The impact of sectarian politics on the spread of conflict is clear to all. Governments are regulating sermons and revising curricula. Writers are discussing human rights. Many politicians are calling for unity of Muslims across the Shi’a-Sunni divide.
This self-criticism within Islam is growing but the pace is regrettably too slow. As long as ISIS is viewed through a political lens — as a terrorist movement, an aberration, an extreme — people will continue to miss the causal connection between institutions of religious intolerance and oppressive authority in the family, the tribe, the school and above all in the state.
While ISIS is clearly not representative of mainstream Islam, this disturbing movement is a natural product of fanaticism in daily living, in laws and in politics. A nation which prescribes death for converts, atheists and apostates is likely to produce ISIS-type movements.
The worldview of ISIS and its style of combat are not a product of Islam (the faith) but of Muslims’ literal and non-contextual interpretation of Islam in many societies today. Christians had been there too in past eras. In medieval times religiously fanatic European societies gave rise to the Crusades.
The Crusaders gathered from different countries to “liberate” Christian holy sites from Muslim rule. They invaded Palestine, Syria and Lebanon and stayed as occupiers for more than 200 years, until they were defeated and driven out by local armies.
The second manifestation of the silver lining is an emerging international consensus on ISIS. On September 28, President Obama declared that “the United States is prepared to work with any nation, including Russia and Iran, to resolve the conflict” in Syria, indicating that ISIS is the primary enemy.
Former adversaries are now communicating directly and considering collaboration to, at least, avoid “stepping on each other” in the battlefield to defeat ISIS. Iran is invited to participate in international meetings on conflict resolutions. Turkey is willing to allow the United States to use a strategic base to launch air attacks against ISIS. Moscow and Iran’s view on Syria (working with Assad while dismantling ISIS) is beginning to make sense in some western European nations, but still not in Washington or Paris.
Global convergence is still limited.
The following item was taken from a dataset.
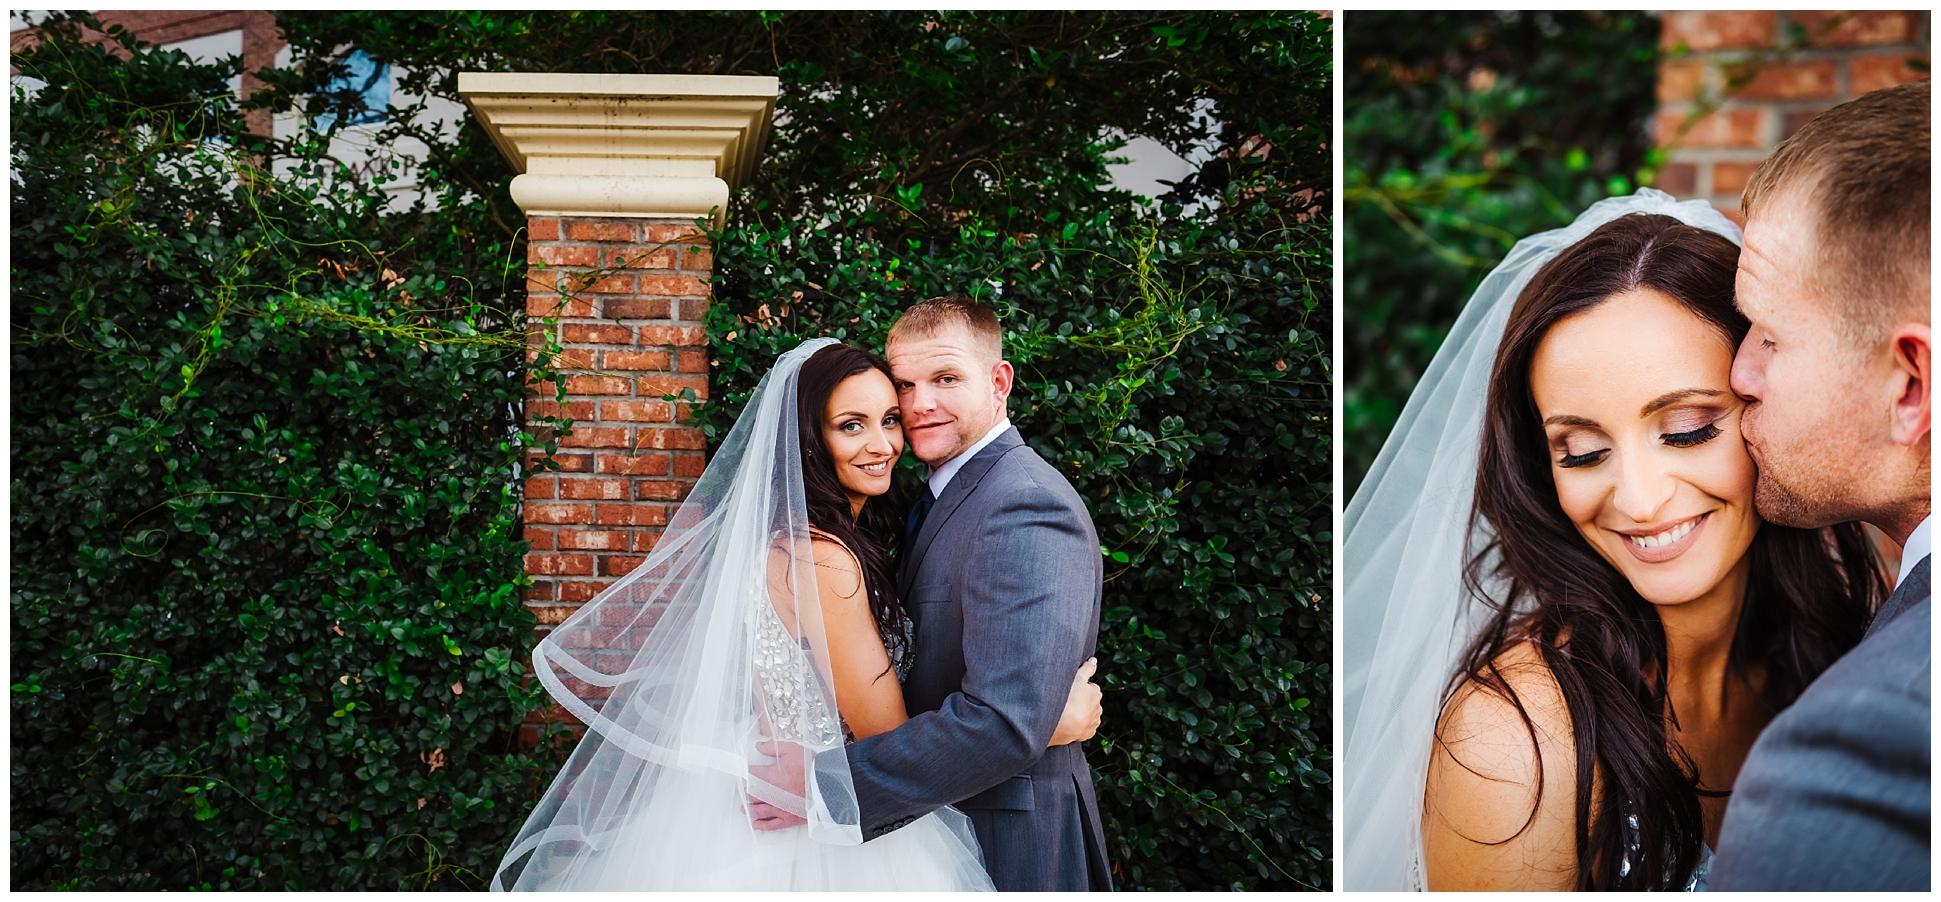 tampa-wedding-photographer-oxford-exchange-garland-candlelight-gold-hayley-paige_0028.jpg

Sadly, Moscow and Washington are in a Cold War mode: Putin’s support of the brutal Syrian regime is as problematic as Obama’s support of Saudi Arabia, an aggressor in neglected Yemen.
While convergence of international opinion on ISIS as a common threat is growing, there is still no plan for collective military action on the ground to defeat ISIS. As Saudi Arabia is preoccupied in a manifestly unwinnable war in Yemen, Turkey is distracted by an emerging Kurdish control region in north Syria and Egypt is struggling with severe local dissent at home, there are no local armies prepared to take the lead in the ground fight against ISIS.
Moreover, no Western state is willing to step into a new military quagmire; Iraq and Afghanistan provided a clear history lesson.
ISIS is an idea; it can only be defeated by a better one. ISIS is also a formidable regional political entity; it has to be dismantled locally. Only Muslim armies can collectively lead in the job of eliminating the idea and the structure.